Apart from the images, output the data below exactly.

Data excerpt:
-------------------------
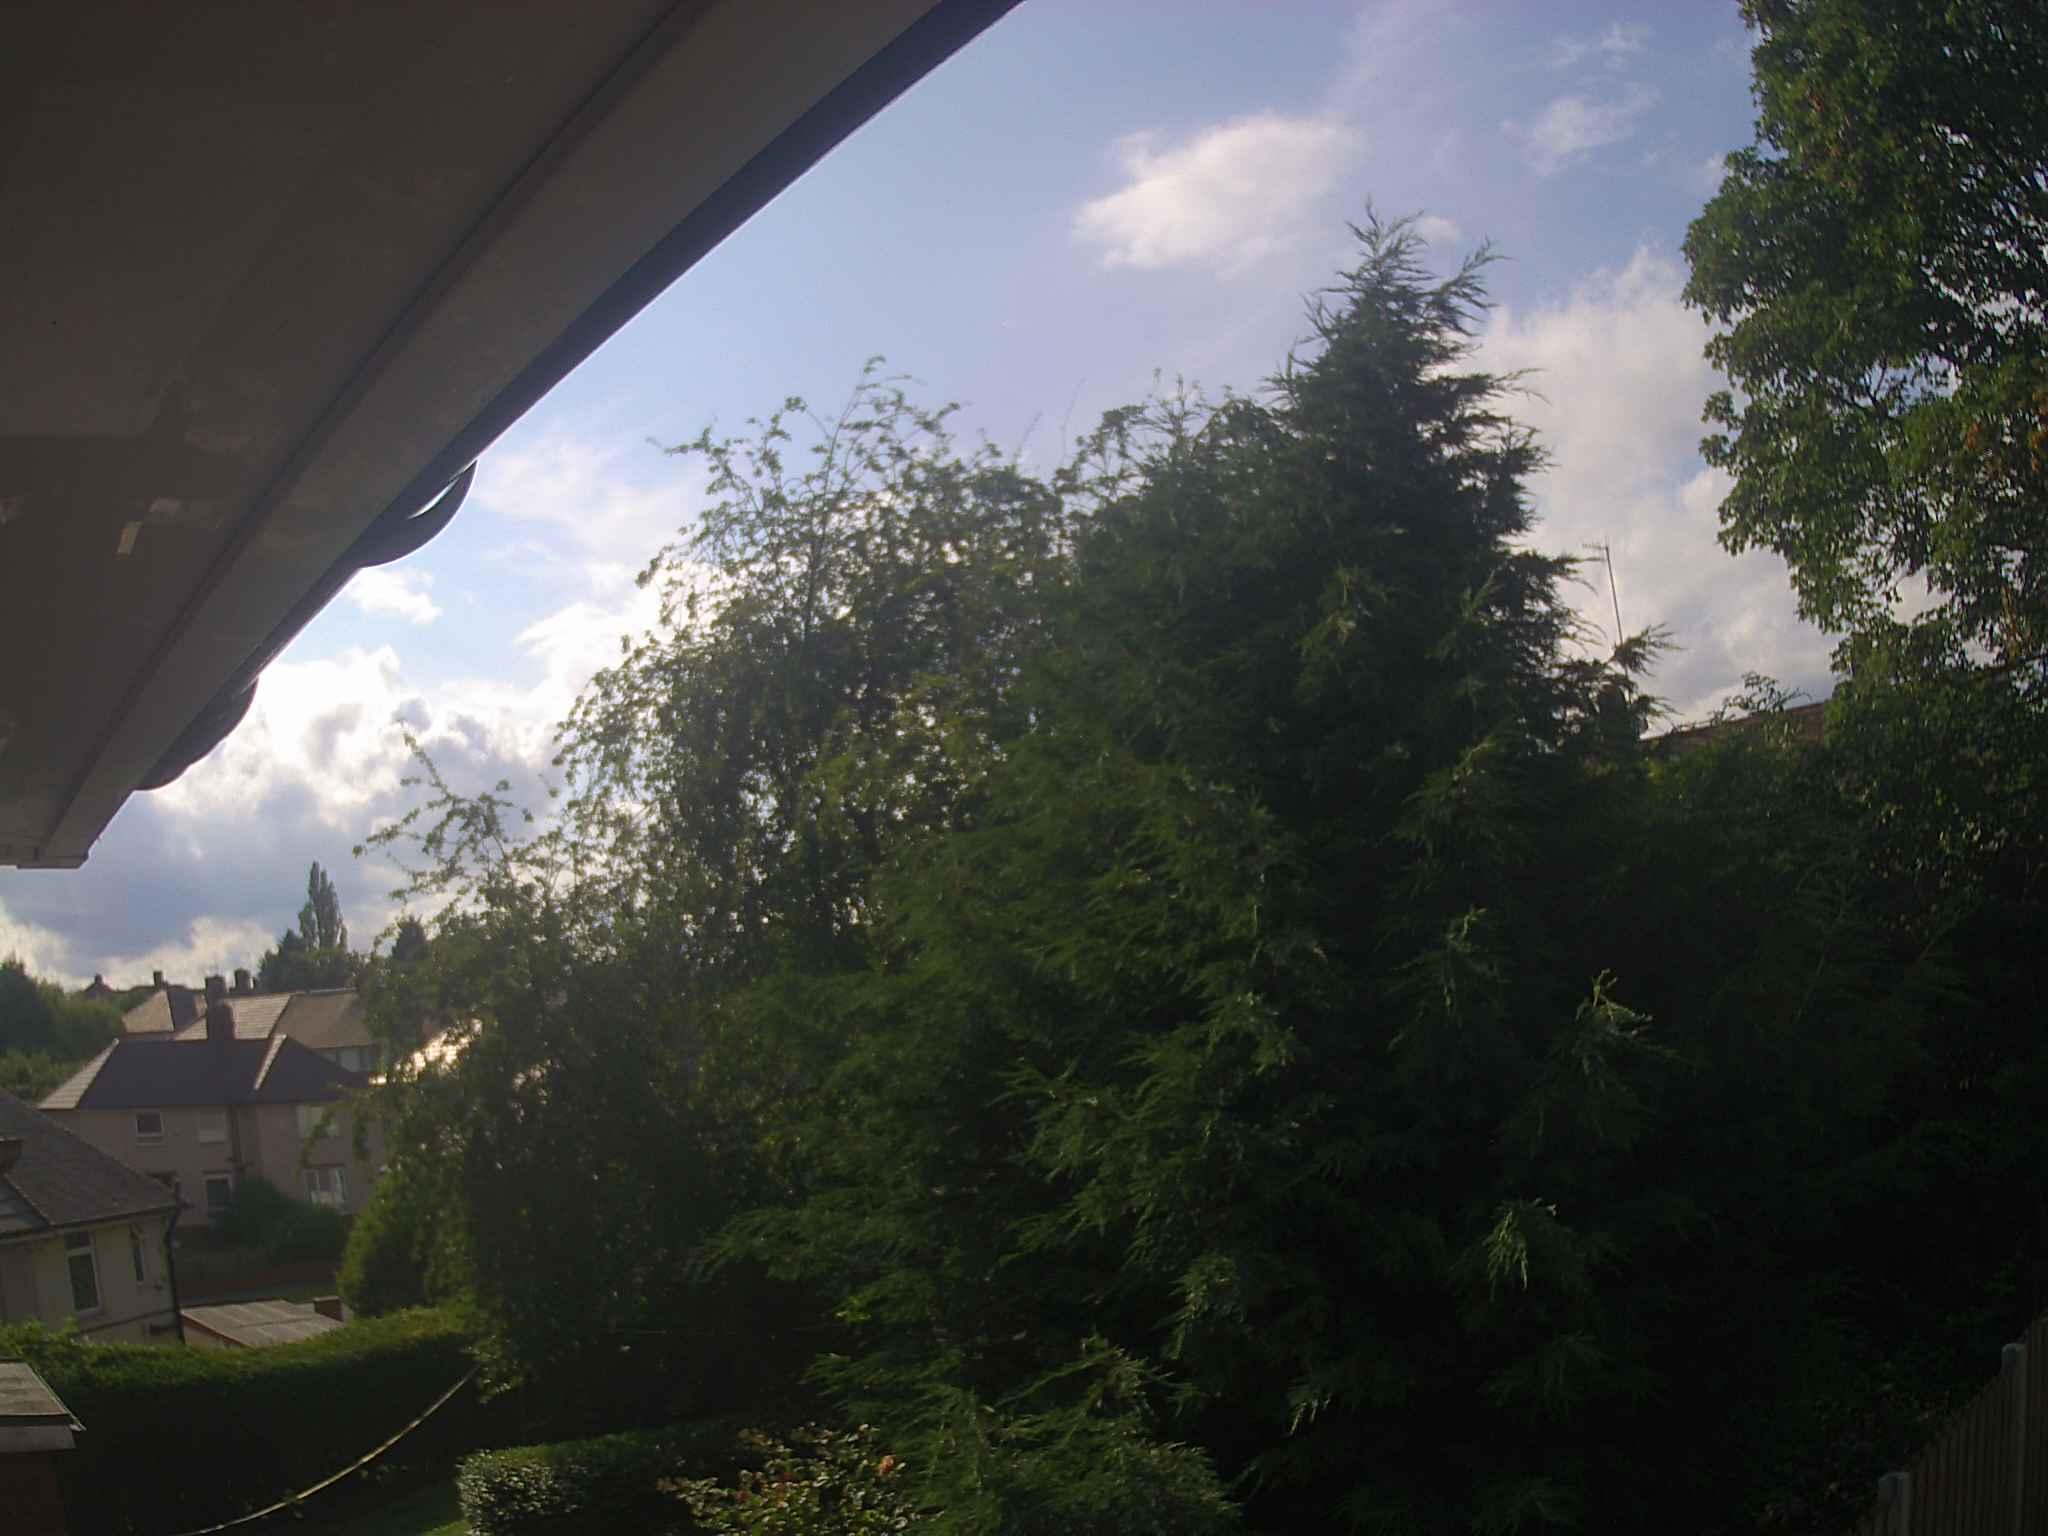 Rear Ipcam Image
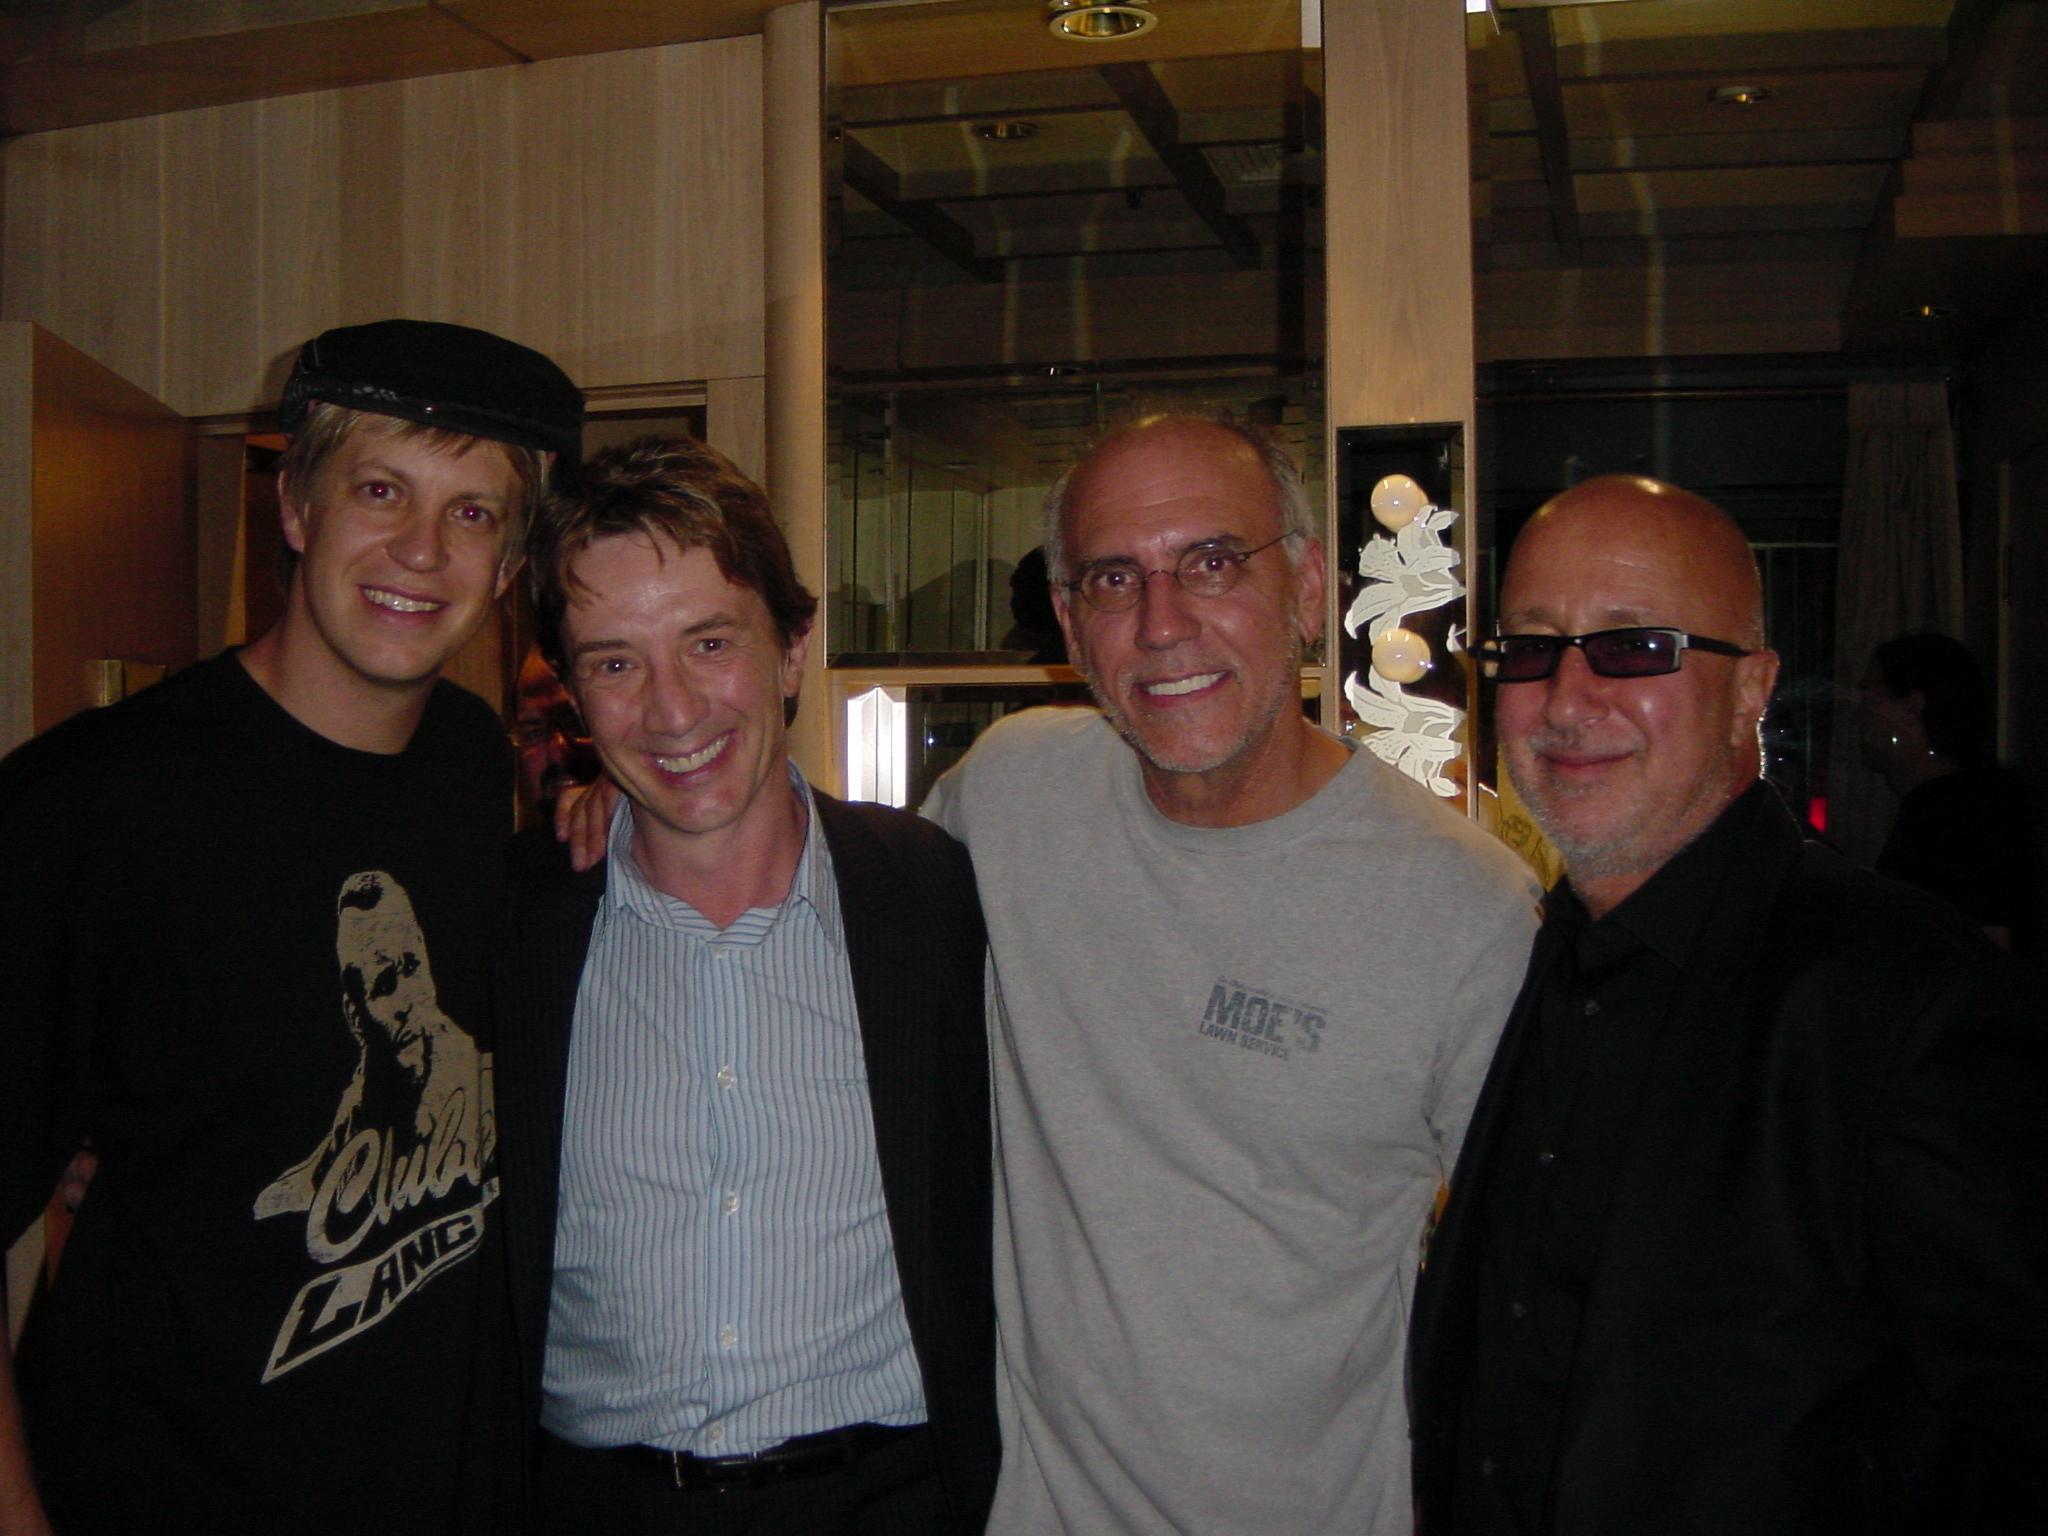 w/ Martin Short, Larry Carlton & Paul Shaffer Blue Note NYC 2005
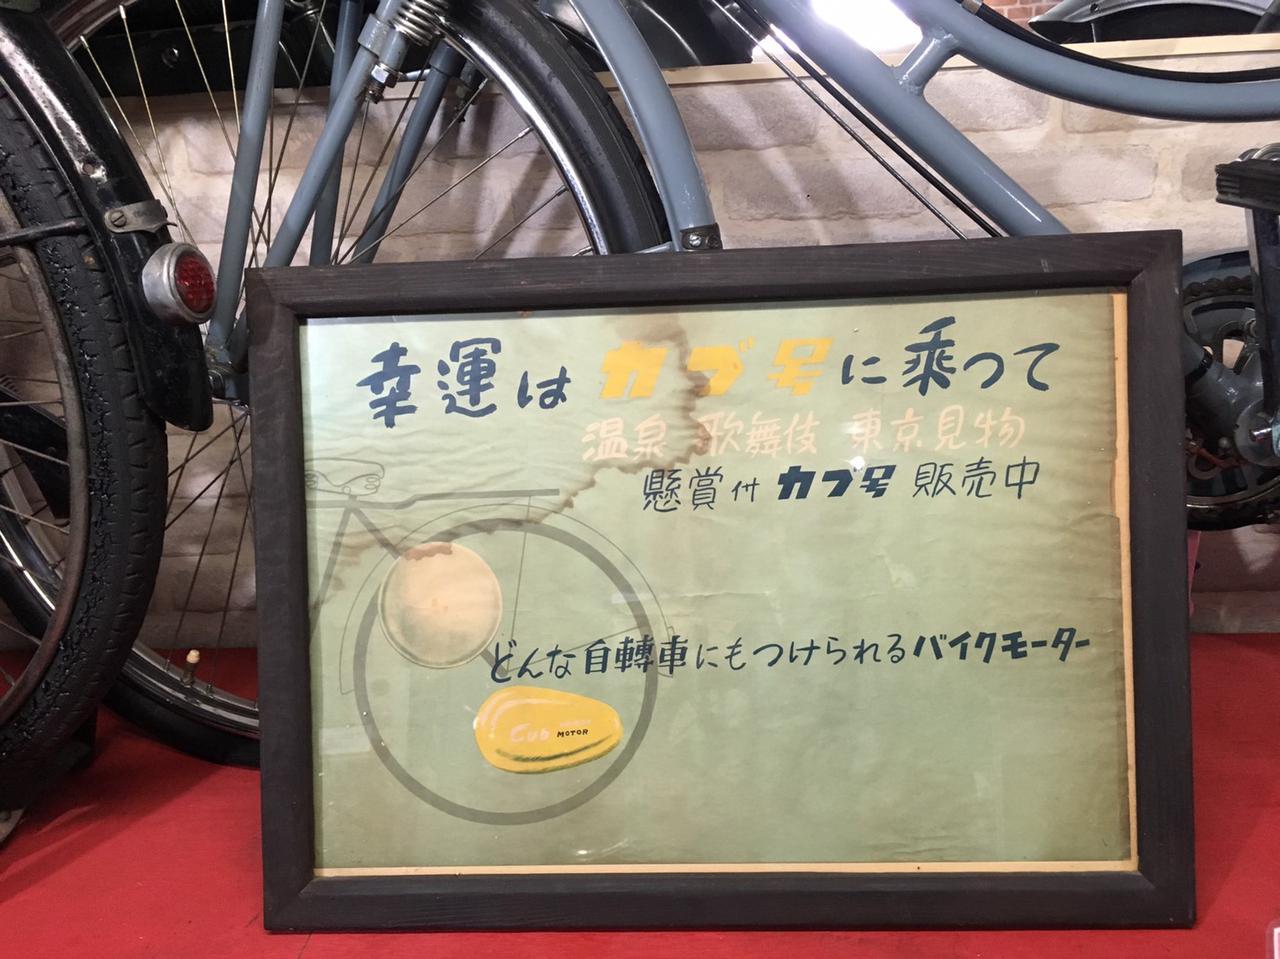 Images : 31番目の画像 - 福山理子が撮影した岩下コレクションの写真 - webオートバイ
-------------------------
Output:
 Rear Ipcam Image
 w/ Martin Short, Larry Carlton & Paul Shaffer Blue Note NYC 2005
 Images : 31番目の画像 - 福山理子が撮影した岩下コレクションの写真 - webオートバイ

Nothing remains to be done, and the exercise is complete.